Education and Community: The collective wisdom
of teachers, parents, and members of our community.


Rejecting inservice and "site-based" management as not solutions but instead ineffective attempts at strengthening the educational leader of the school, Smith & Andrews offer a three phase model for helping create a good principal. (Smith, 1987) In phase one the supervisor and the principal meet before the school year begins to design performance goals, a method to achieve these goals, a means to evaluate these goals, and a calendar. In phase two, the two collect data throughout the school year about the principal's performance. Throughout the year the principal carries out the goals.

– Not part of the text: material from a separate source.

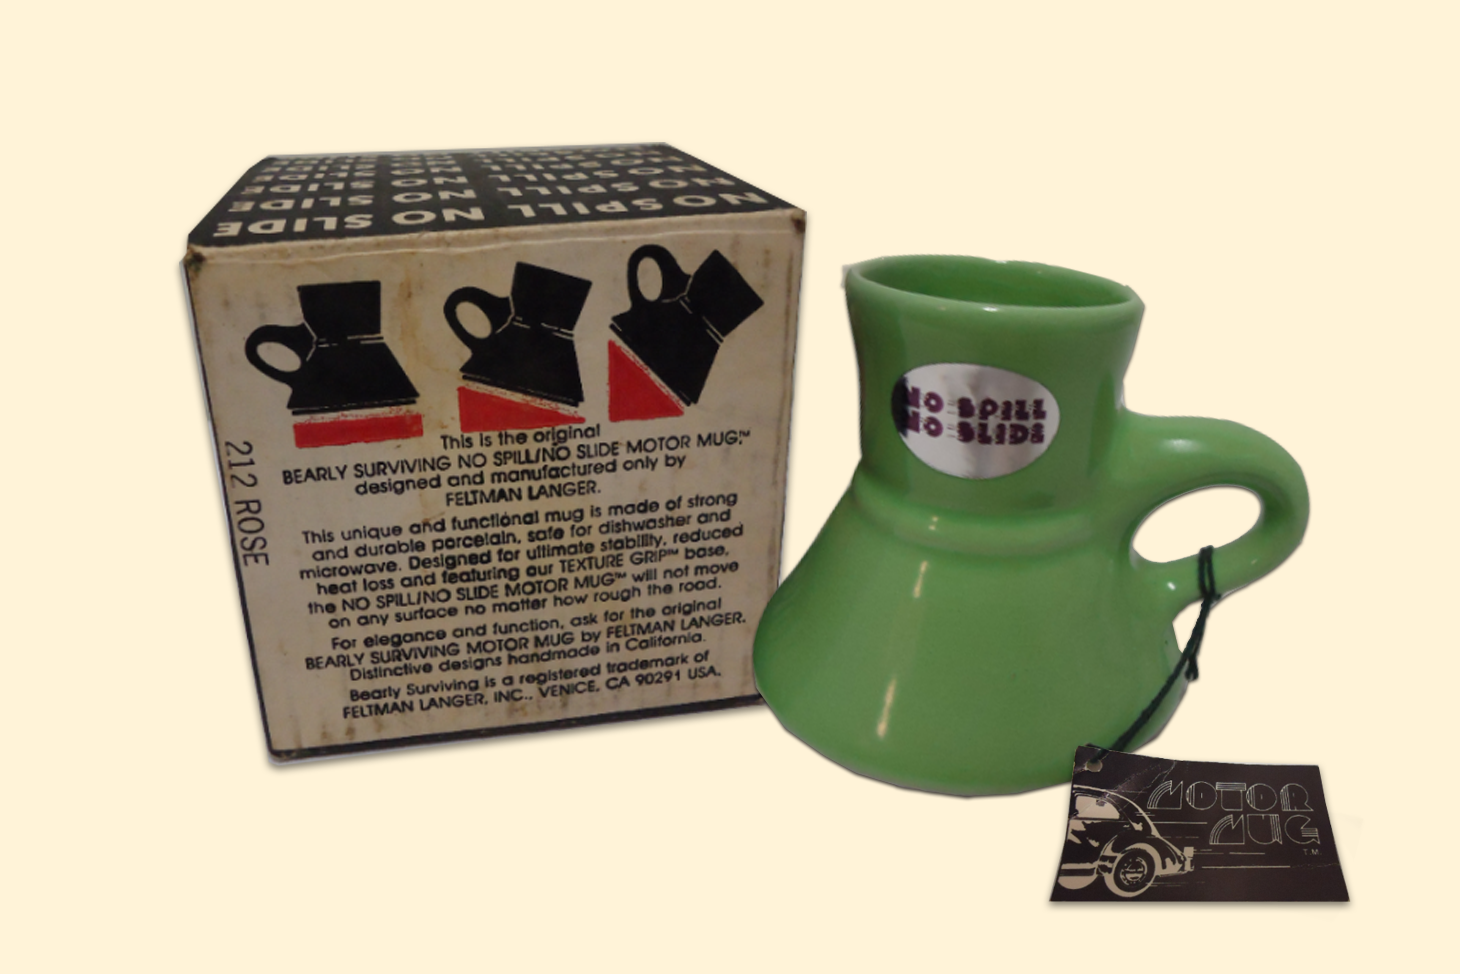 10OZ No Spill Non-slip Filter Press Coffee Mug

The supervisor visits often and conducts interviews with the principal and the staff; attends school functions to gather school climate; and interacts with the parents. Important tactics such as preobservation conferences, observations, and post observation conferences are crucial in effective training throughout the year-long process. Phase three involves an evaluation of the year by both the supervisor and the principal. The year's performance is evaluated and new goals are set for the next year. This process also helps make good principals better. Although this is a specific model for a specific part of Edmonds' "five instructional organizational characteristics," it transcends just a use for principals but also carries over as a model for the other four characteristics. If we apply the micropolitics of the school as described by Edmonds and Andrews to the work of Harris, discussed later, we will have a fine model for all telementoring programs.